How do you train a model using binary labels?
To train a model using binary labels, you typically need a dataset that includes examples of both positive and negative outcomes. You would then use this data to train a classification algorithm, such as logistic regression or a decision tree, to predict the binary outcome based on the input features.
What are some common evaluation metrics for models trained with binary labels?
Common evaluation metrics for binary classification models include accuracy, precision, recall, and F1 score. These metrics are used to measure the performance of the model in terms of its ability to correctly classify positive and negative examples.
What is supervised learning
Supervised learning is a type of machine learning in which the model is trained on a labelled dataset. The labelled data consists of input features and corresponding output values, or “labels “the model is trying to predict. The goal of supervised learning is to train the model to accurately predict the output values for new, unseen input data
What are some examples of supervised learning
Predicting prices of a house based on its features, classifying emails as spam or not spam, and identifying the type of flower based on its measurements
What is unsupervised learning
Unsupervised learning is a type of machine learning in which the model is trained on an unlabelled dataset. The goal of unsupervised learning is to identify patterns or structure in the data without the use of predefined output values. This can be useful for tasks such as clustering, dimensionality, reduction, and anomaly detection
What are some examples of unsupervised learning
Clustering similar customer profiles based on their purchasing behaviour, reducing the dimensionality of high-dimensional data for visualisation purposes, and identifying outliers in a dataset
What is the main difference between supervised and unsupervised learning
The use of labelled versus unlabelled data. In supervised learning, the model is trained on labelled data to predict output values. In unsupervised learning the model is trained on unlabelled data to identify patterns or structure in data
What is feature scaling
A technique used in machine learning to normalise the range of values for each feature in a dataset. This is important because individual features may have different distributions, ranges or units of measurements, which can cause issues for some machine learning algorithms
Why is data cleaning and preparation important in machine learning
Data cleaning and preparation is important because machine learning algorithms require high-quality, well-structured data to produce accurate and reliable results.

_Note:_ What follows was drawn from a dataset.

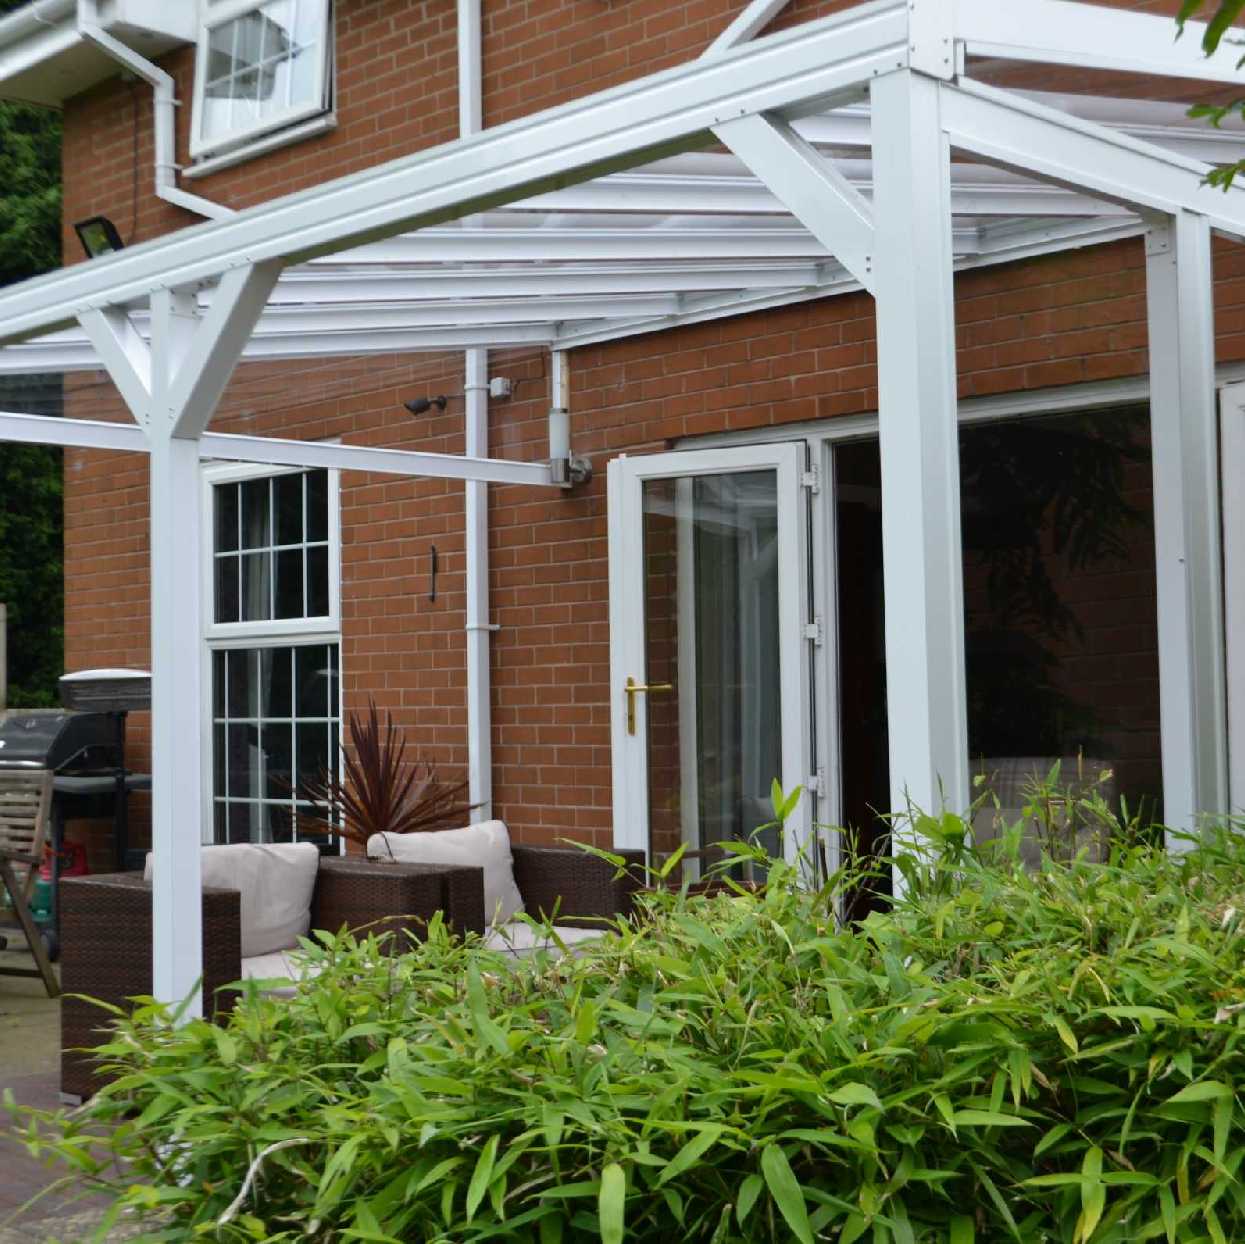 Omega Smart Lean-To Canopy, White with 6mm Glass Clear Plate Polycarbonate Glazing - 3.5m (W) x 2.0m (P), (3) Supporting Posts from Omega Build

Dirty or unstructured data, such as missing values, error, or outliers, can significantly impact the performance of a machine learning model
What are some common techniques used for data cleaning and preparation
Removing or inputting missing values, correction of errors in data entry or collection, standardising the formatting and structure of data and identifying and removing outliers
How can you deal with multivariate data in machine learning
Dealing with multivariate data in machine learning requires careful consideration of the relationships between features. This may involve identifying causative variables, removing redundant or irrelevant features, and normalising the range of values for each feature using techniques such as feature scaling
What are some best practices for data cleaning and preparation in machine learning
Best practices for data cleaning and preparation in machine learning include thoroughly documenting data sources and cleaning processes, validating data quality and completeness, exploring the data for patterns and outliers and using established standards and frameworks for data management and preprocessing
What is missing data
Missing data refers to the absence of a value for a particular observation or variable in a dataset. This can occur for various reasons, such as data collection errors, data entry mistakes, or intentionaly omissions
Why is missing data a problem in machine learning
Missing data can cause problems in machine learning because many algorithms are designed to work with complete, high-quality data. Incomplete or missing data can lead to biased inaccurate results, and can even cause the model to fail completely
What are some techniques for inputting missing data
Techniques for inputting missing data include mean or median imputation regression imputation, and k-nearest neighbour imputation. Each technique has its own strengths and weaknesses and the choice of technique depends on the specific characteristics of the dataset and the research question being addressed
What are some best practices for handling missing data in machine learning
Best practices for handling missing data include carefully documenting the reasons for missing data, exploring the patterns of missing data in the dataset, considering both removal and imputation techniques, validating the quality of imputed data, and performing sensitivity analyses to assess the impact of missing data on the results
What is mean/median imputation
This technique involves replacing missing values with the mean or median value of the variable across all other observations. This is a simple and quick technique, but it can be biased if the missing values are not randomly distributed across the variable. Mean or median imputation is best suited for variables with relatively symmetric distribution
What is regression imputation
This technique involves using a regression model to predict the missing values based on other variables in the dataset. This approach assumes that the missing values are related to other variables in the dataset, and can be useful when there is a strong correlation between variables. However, regression imputation can be computationally intensive and may require careful model selection and validation
When is mean/median imputation best suited for
Mean or median imputation is best suited for variables with relatively symmetric distribution
What is the K-nearest neighbor imputation
This technique involves identifying the k-neareset observations to the observation with missing values and using their values to impute the missing data. This apporach assumes that observations with similar values for other varaibles will have similar values for the variable with missing data.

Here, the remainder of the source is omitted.